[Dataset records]
--- START ---

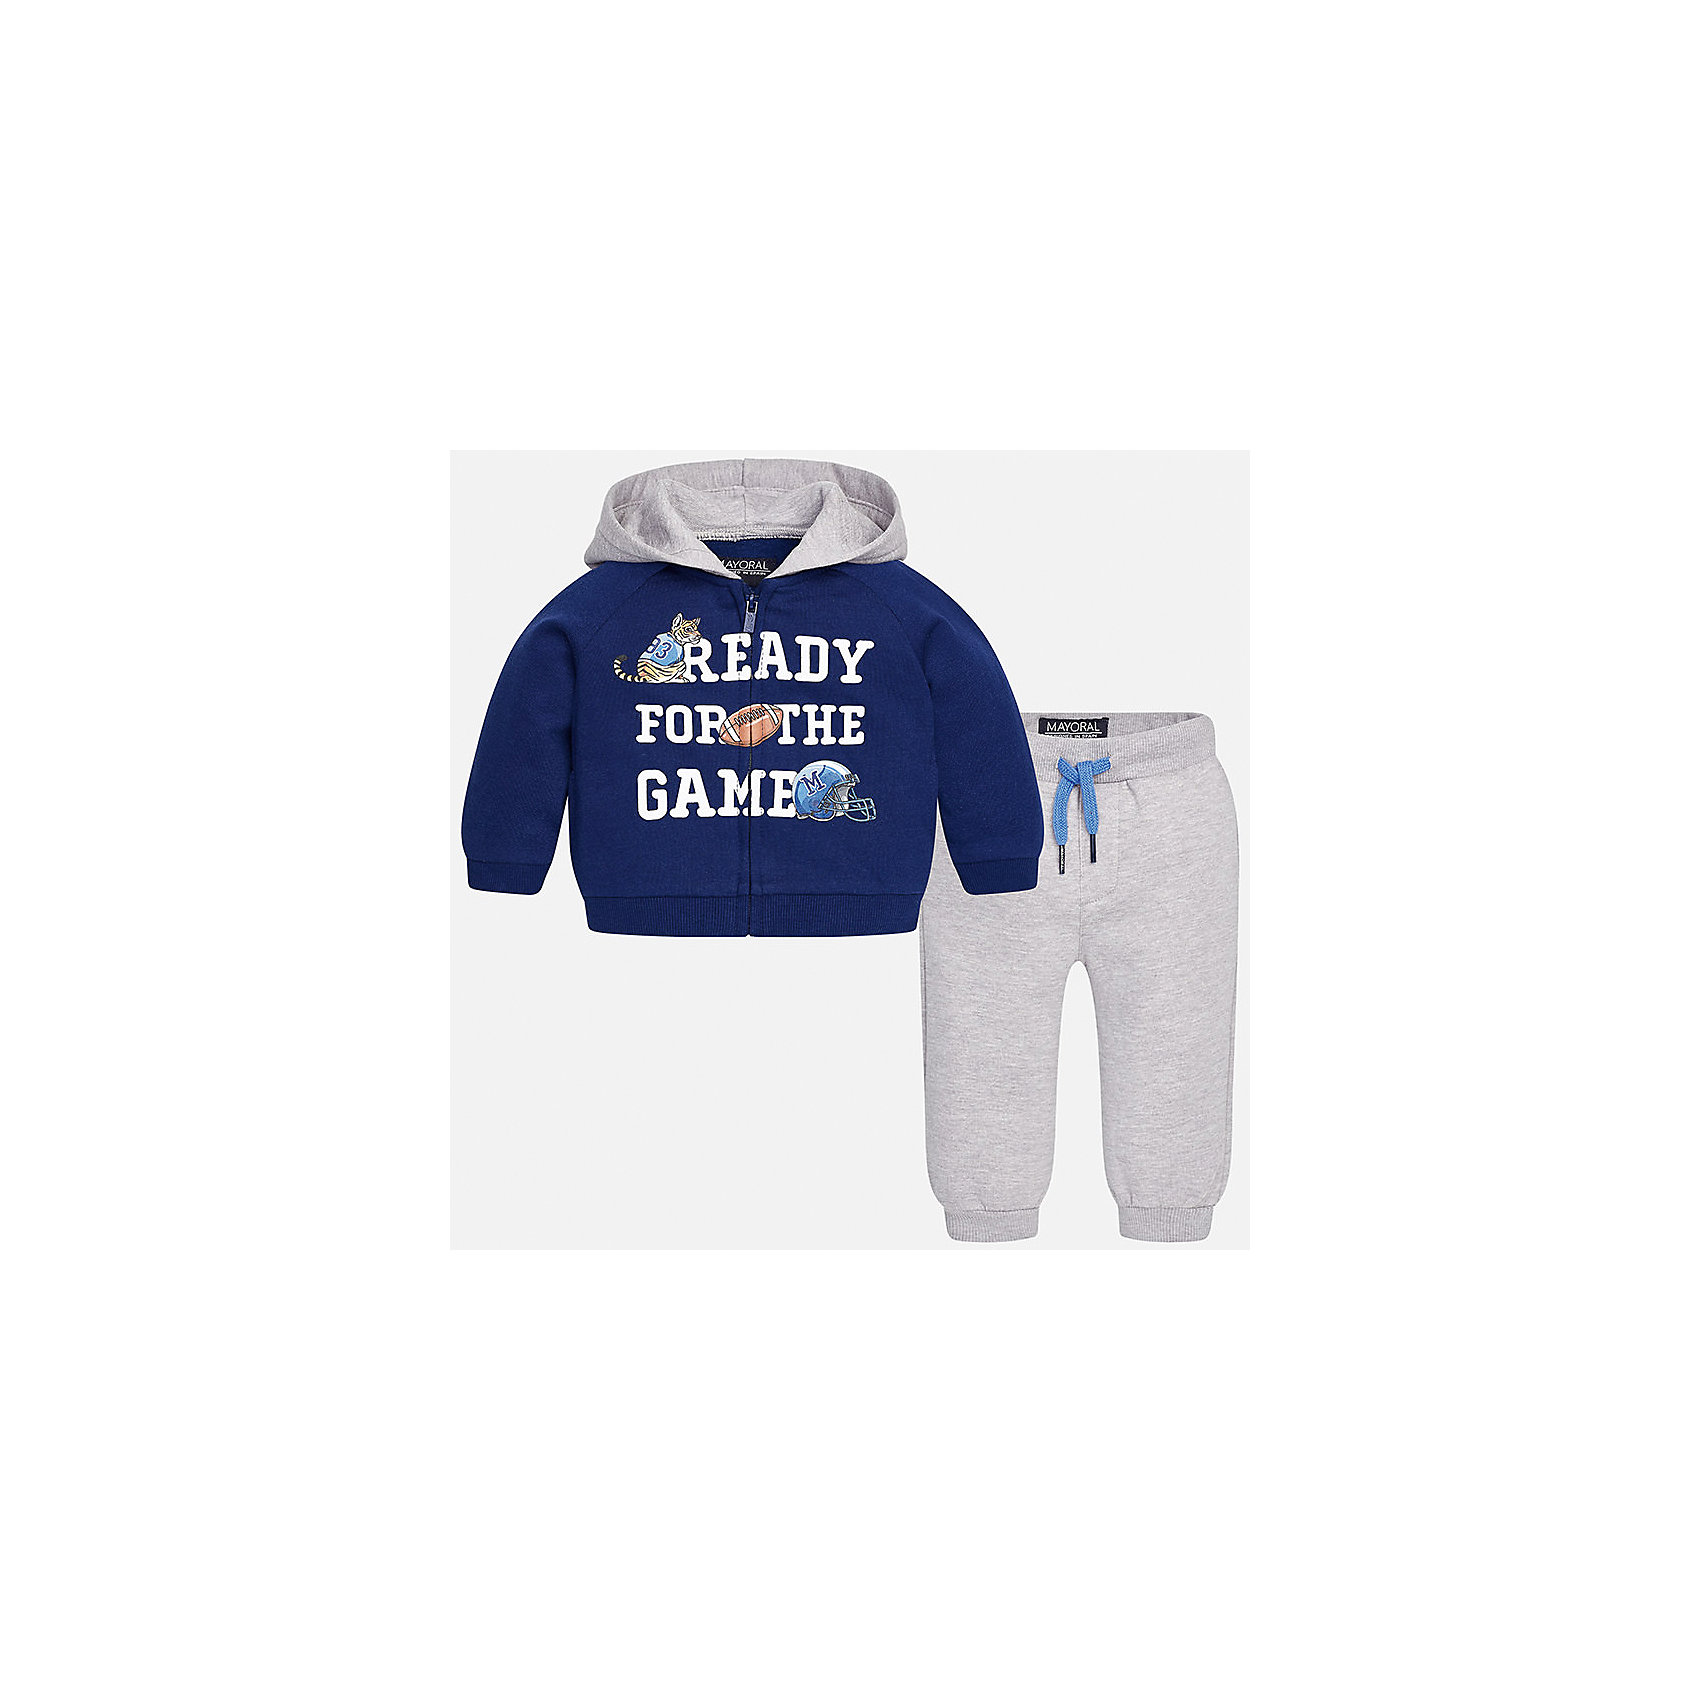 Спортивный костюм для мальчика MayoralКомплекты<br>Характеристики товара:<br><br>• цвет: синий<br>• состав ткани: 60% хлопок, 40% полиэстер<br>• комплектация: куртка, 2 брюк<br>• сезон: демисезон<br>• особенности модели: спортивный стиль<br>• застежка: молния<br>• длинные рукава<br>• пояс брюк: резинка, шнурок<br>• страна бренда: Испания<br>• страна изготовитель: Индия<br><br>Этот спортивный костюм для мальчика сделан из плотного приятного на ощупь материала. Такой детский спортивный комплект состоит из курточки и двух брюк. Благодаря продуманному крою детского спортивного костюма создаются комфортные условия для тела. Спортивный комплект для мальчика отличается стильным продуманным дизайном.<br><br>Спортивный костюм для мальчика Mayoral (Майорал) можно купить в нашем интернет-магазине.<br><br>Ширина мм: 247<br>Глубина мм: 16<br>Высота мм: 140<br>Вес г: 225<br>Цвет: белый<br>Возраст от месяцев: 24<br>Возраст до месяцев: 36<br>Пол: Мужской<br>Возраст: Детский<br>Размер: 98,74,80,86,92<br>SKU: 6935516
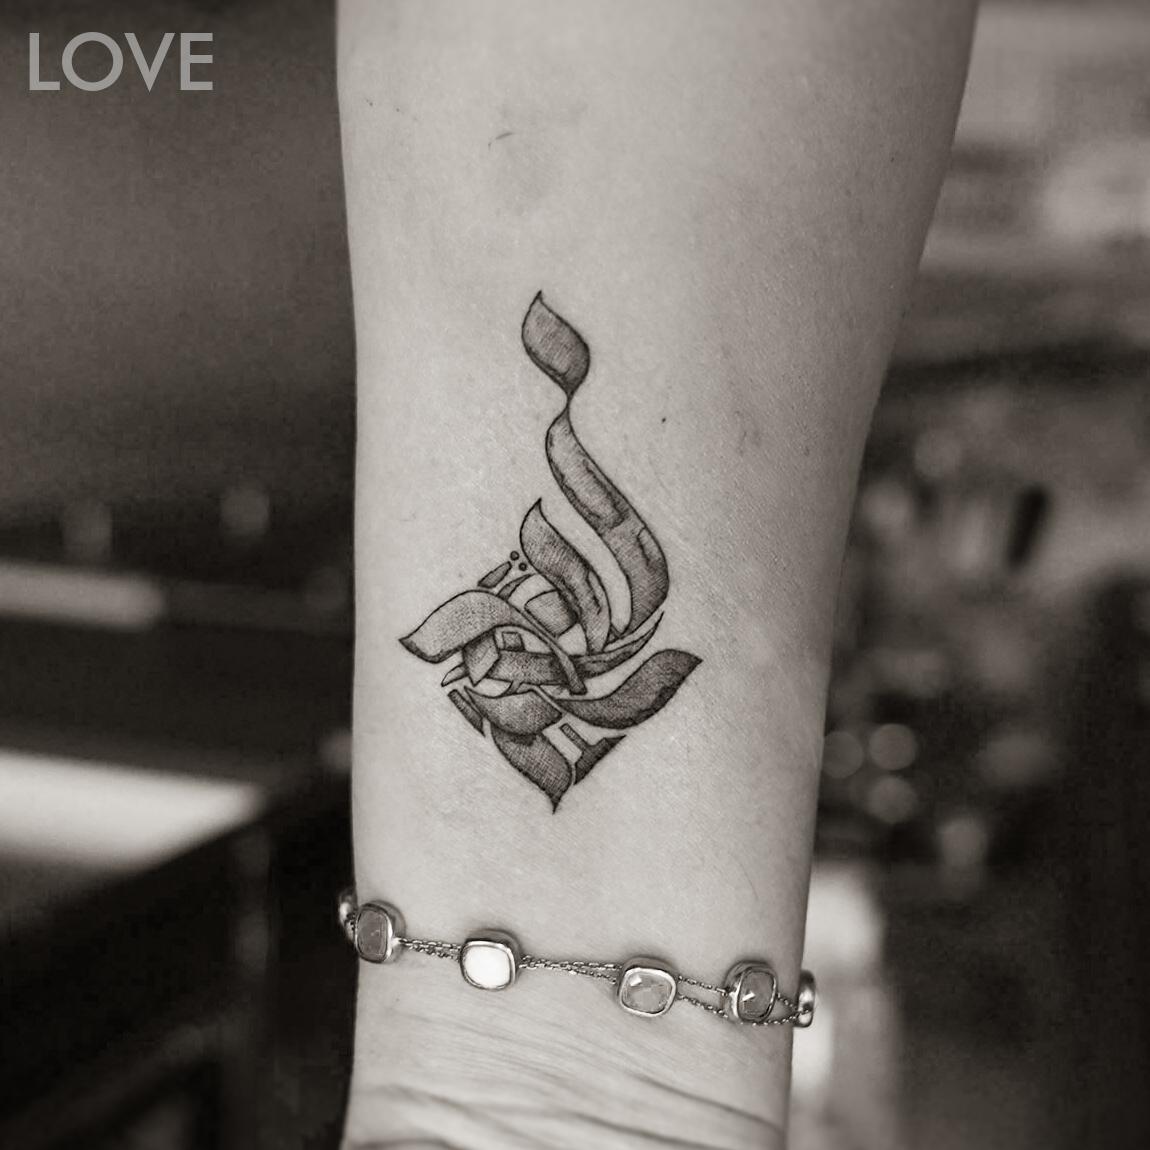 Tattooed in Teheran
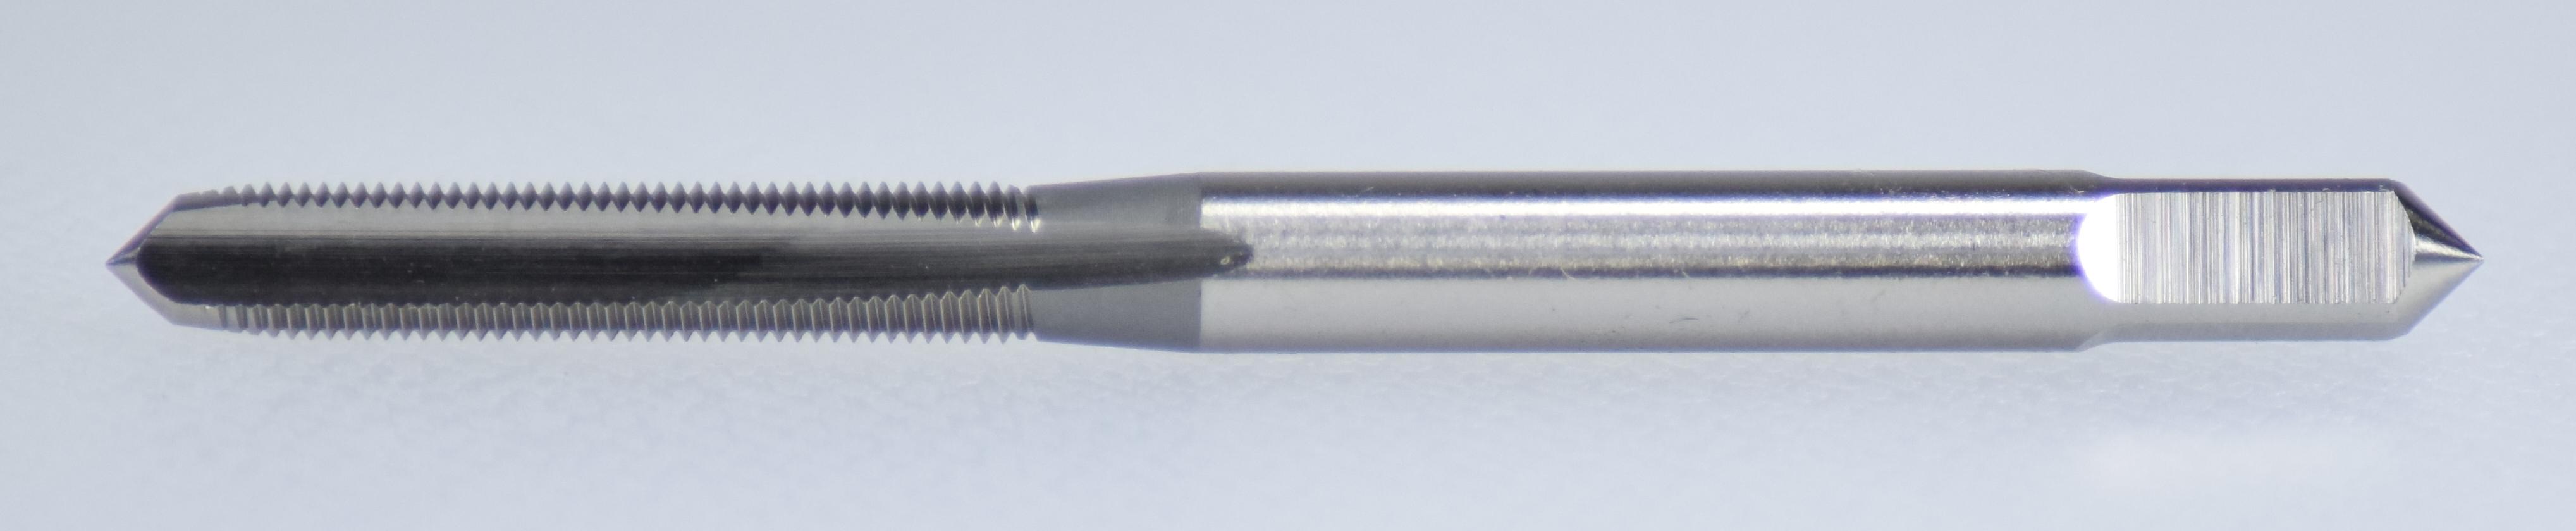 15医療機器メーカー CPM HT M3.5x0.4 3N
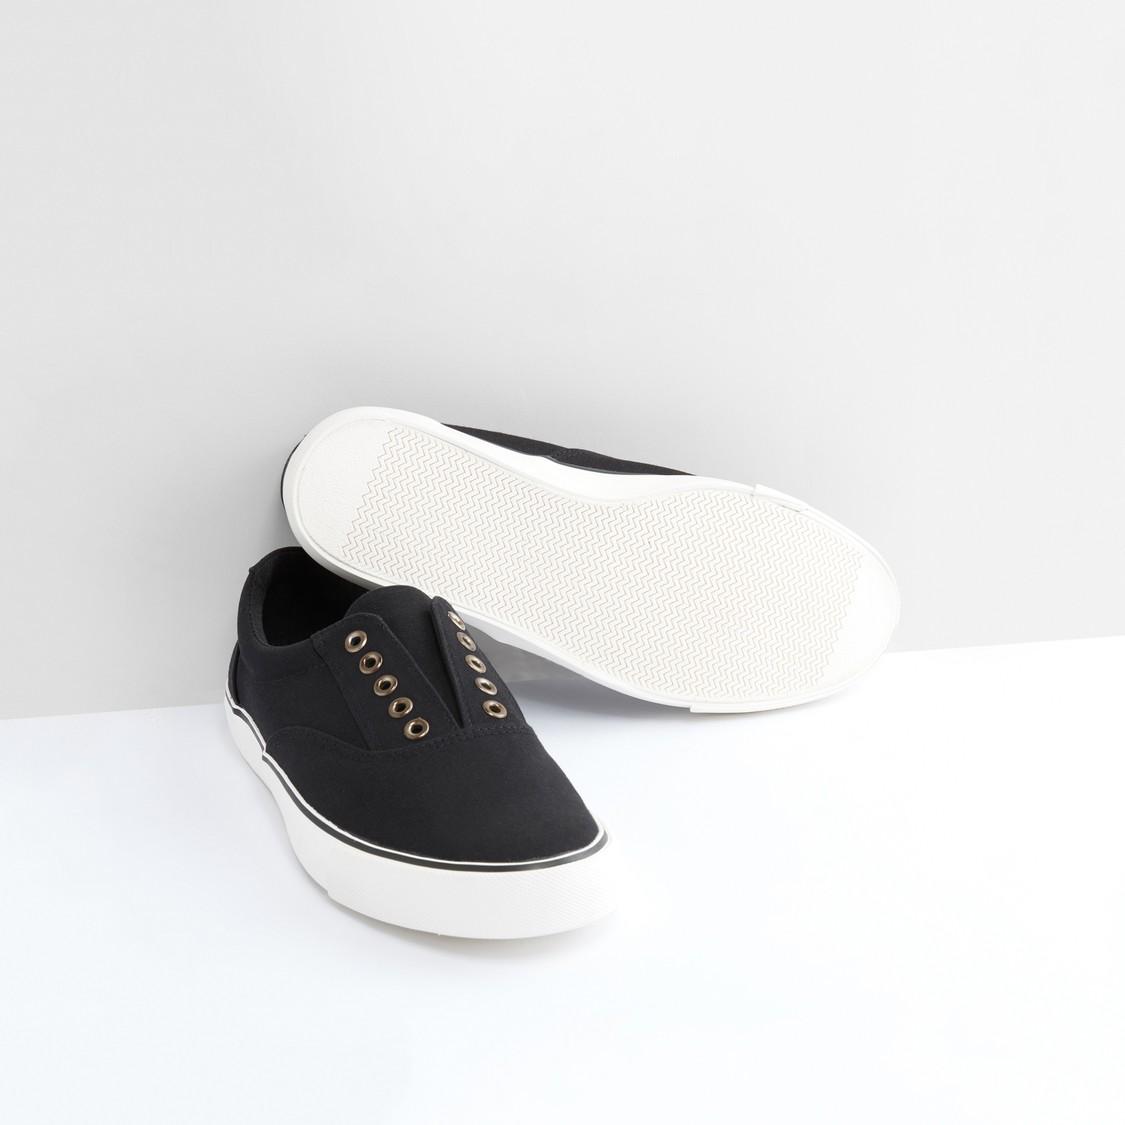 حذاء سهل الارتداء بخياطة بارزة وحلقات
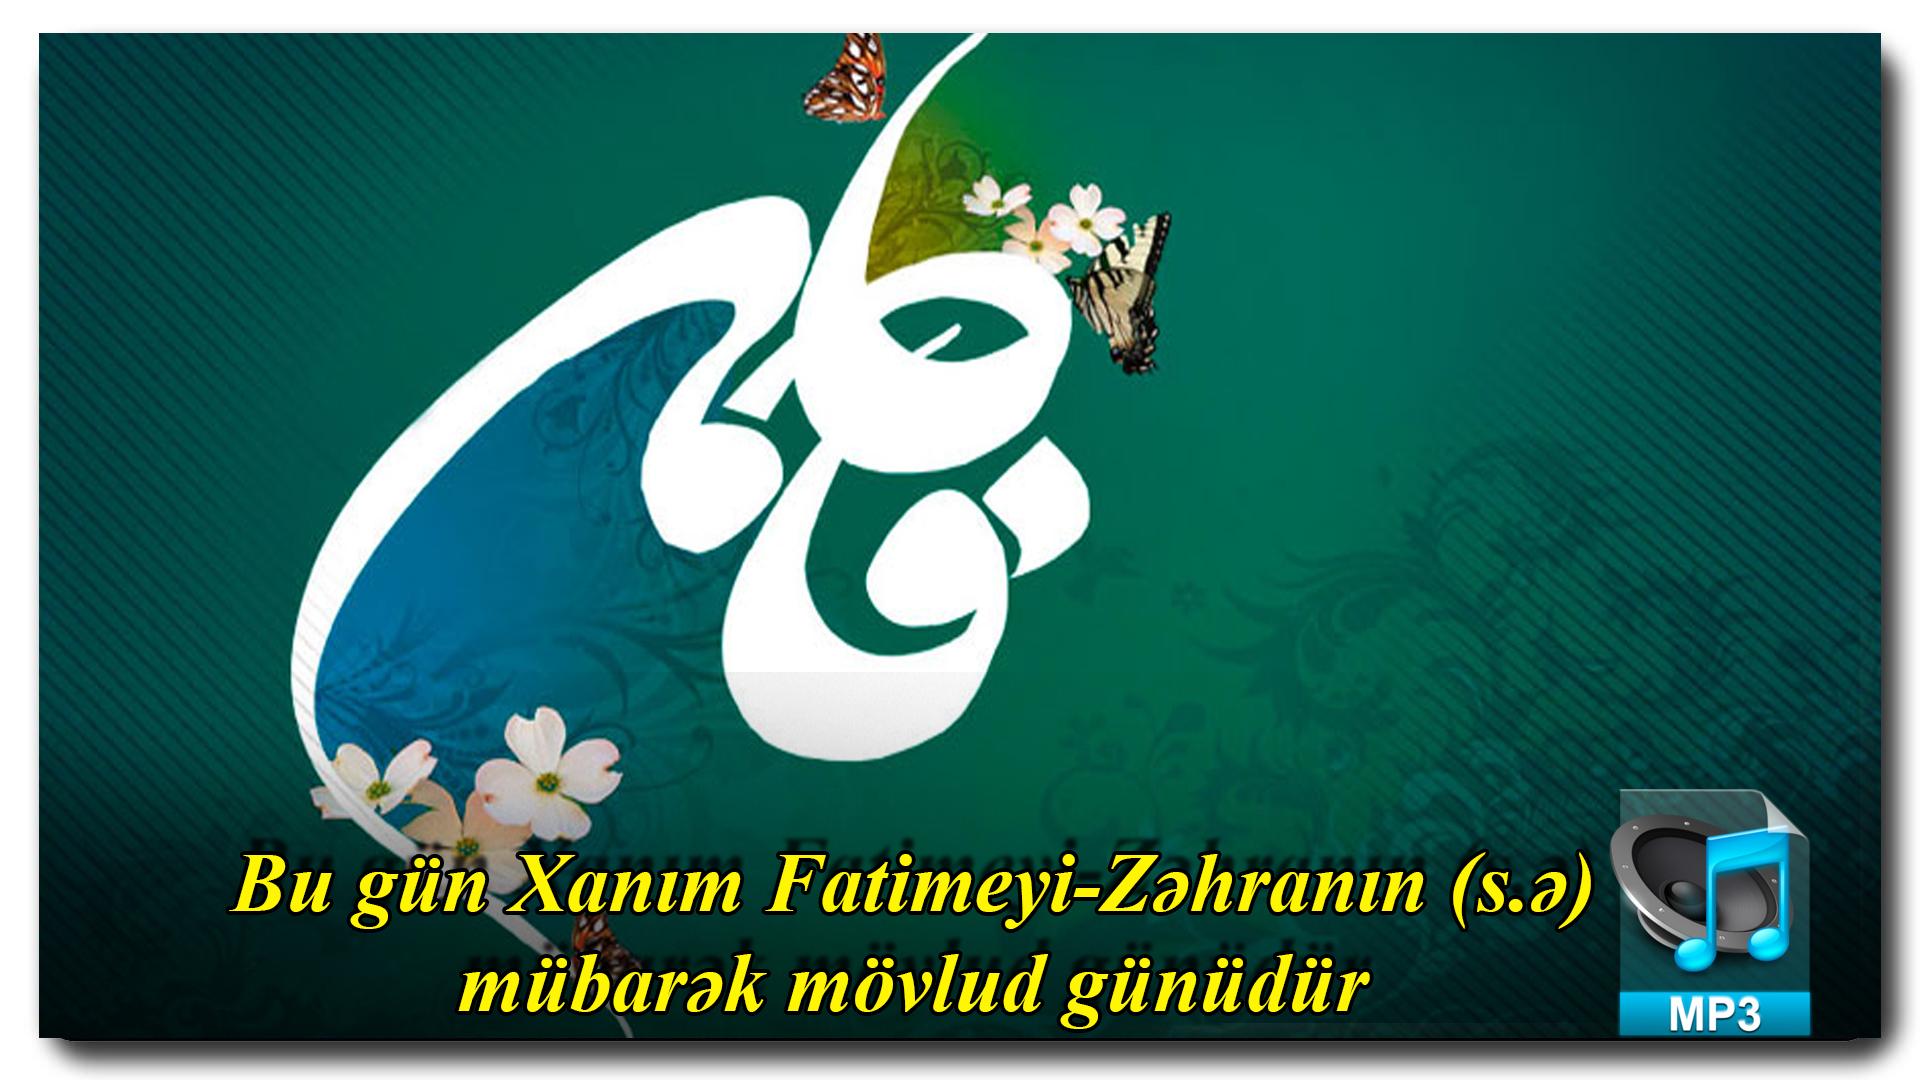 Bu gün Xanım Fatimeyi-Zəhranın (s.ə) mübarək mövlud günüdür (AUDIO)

--- END ---

Goal of the exercise. Could you return each line, unchanged, from the line containing "15医療機器メーカー CPM HT M3.5x0.4 3N" through the last line of the entries above, leaving out the pictures?

Answer to the exercise.
 15医療機器メーカー CPM HT M3.5x0.4 3N
 حذاء سهل الارتداء بخياطة بارزة وحلقات
 Bu gün Xanım Fatimeyi-Zəhranın (s.ə) mübarək mövlud günüdür (AUDIO)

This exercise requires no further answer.